O livro descreve no detalhe o teste de estresse vivido pelo regime de metas para a inflação em 2001 e 2002. O primeiro ano foi marcado pela prolongada agonia do regime argentino de paridade cambial, pela crise energética e, claro, pelos atentados de 11 de setembro. O segundo, pela incerteza pré-eleitoral, que levou a uma forte depreciação cambial e aumento do risco-país. A oposição, que era favorita para ganhar as eleições, repudiara frontal e publicamente, antes da campanha eleitoral, vários aspectos do “tripé macroeconômico” vigente (metas para a inflação, câmbio flutuante e superávits primários voltados para garantir a sustentabilidade da dívida) – e levantara dúvidas sobre a legitimidade da dívida pública. A depreciação atingiu a economia quando a inflação já estava alta, e um corte da Selic em julho de 2002 não ajudou a ancoragem de expectativas. A reação veio em outubro, com um aumento de 300 pontos base na taxa de juros, em reunião extraordinária do Copom. Paralelamente, a equipe econômica de FHC já havia estabelecido contato com as equipes dos principais opositores, que, depois do susto, passaram a sinalizar disposição para manter o tripé.
Pastore destaca que, dada a preservação dos fundamentos da política econômica, em um contexto global favorável, graças ao impacto do crescimento chinês sobre a atividade econômica e os preços de commodities, criou-se uma opção antes inexistente. O BC poderia simplesmente aproveitar os efeitos desinflacionários da apreciação da moeda para reduzir agressivamente a taxa Selic. Ou poderia aproveitar a conjuntura favorável para enfrentar nossa crônica fragilidade externa, comprando reservas internacionais. A formiga prevaleceu sobre a cigarra, e o acúmulo de reservas mostrou-se um divisor de águas para a política econômica brasileira, e para nossa estatura na comunidade financeira internacional.

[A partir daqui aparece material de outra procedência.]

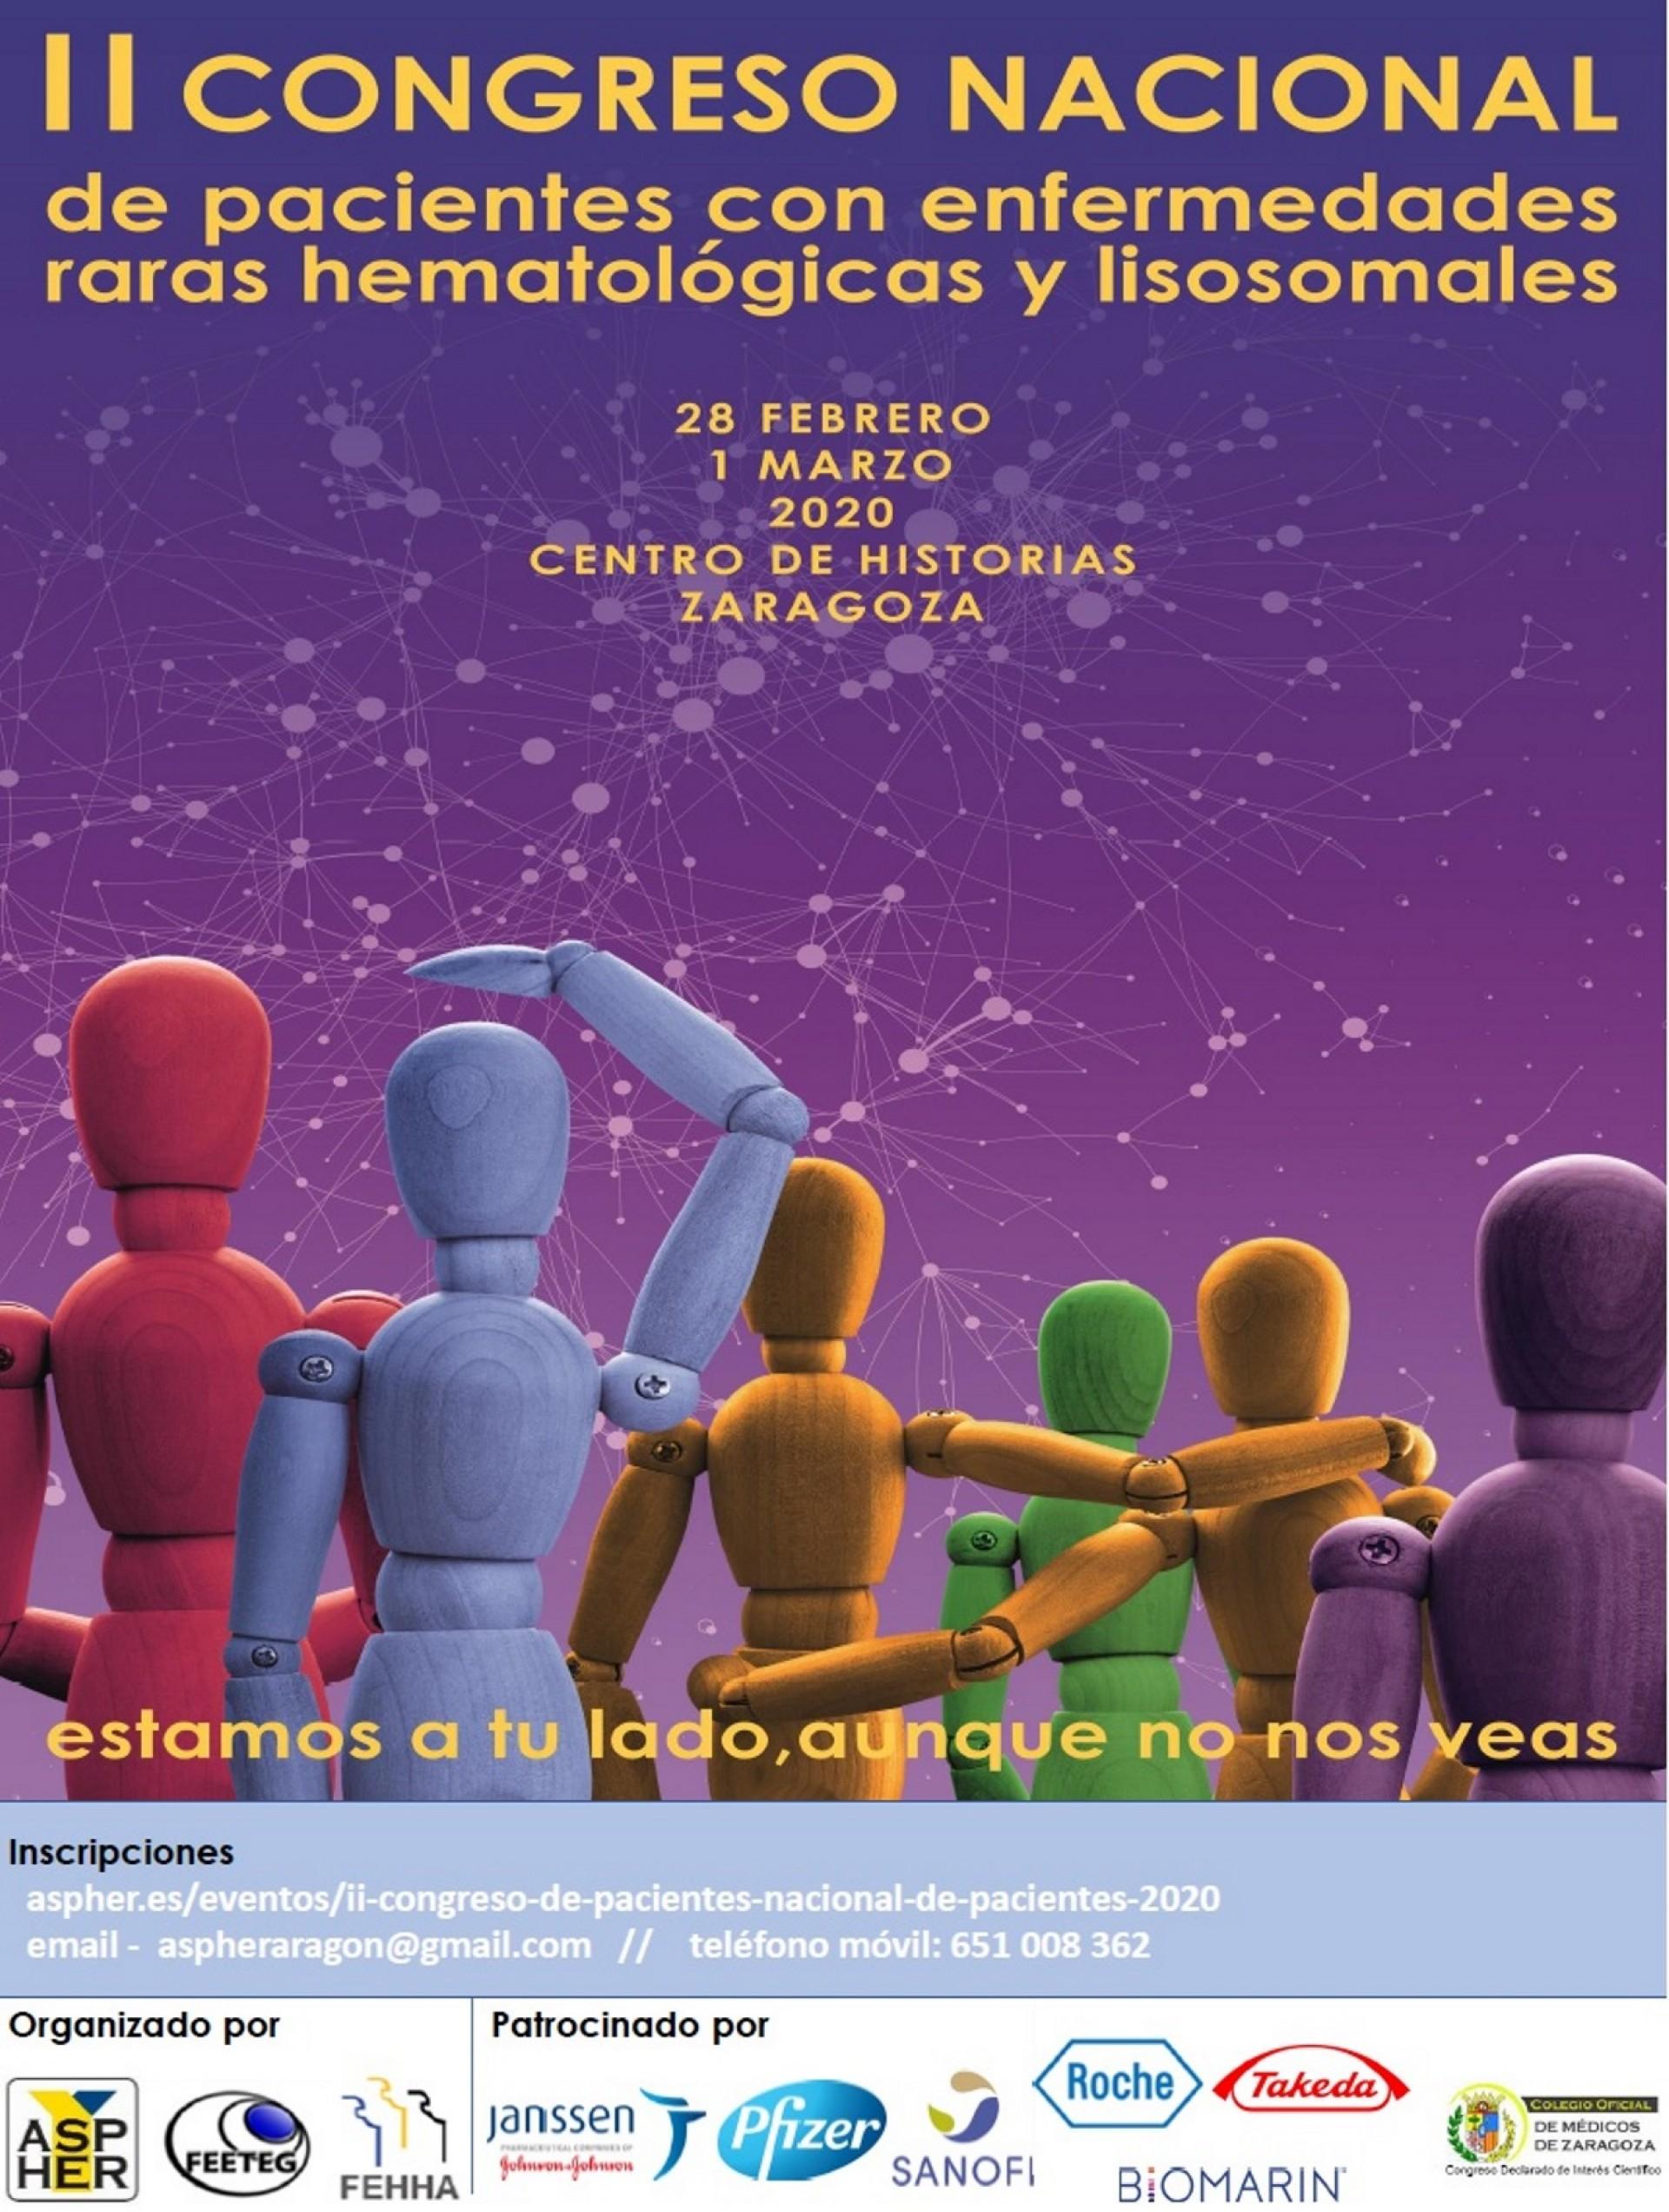 La Asociación de Pacientes de Enfermedades Hematológicas Raras pide que se consiga en Aragón la práctica de la medicina personalizada y de precisión, ajustada al paciente y a la enfermedad

Como consultor, Pastore comentava regularmente sobre o Copom, antes e durante o longo processo de flexibilização monetária, de 2005 a 2007 – eu, que estava no BC na segunda parte desse movimento, tinha virado vidraça. Neste ciclo, após um aperto vigoroso da política monetária, a Selic foi sendo reduzida com parcimônia e constância, o que domou, por um tempo, as expectativas de inflação, bem como viabilizou uma sólida retomada da atividade econômica. No entanto, a atitude ambígua de parte do governo em relação ao regime de metas e o progressivo aquecimento da economia, influenciado pelo boom de commodities – o PIB cresceu 9,3% em termos anualizados no segundo trimestre de 2008 – levaram a uma piora das perspectivas inflacionárias, suscitando uma reação pelo BC – ao contrário de alguns observadores politicamente engajados, Pastore entendeu perfeitamente a lógica da atuação do Copom naquela ocasião.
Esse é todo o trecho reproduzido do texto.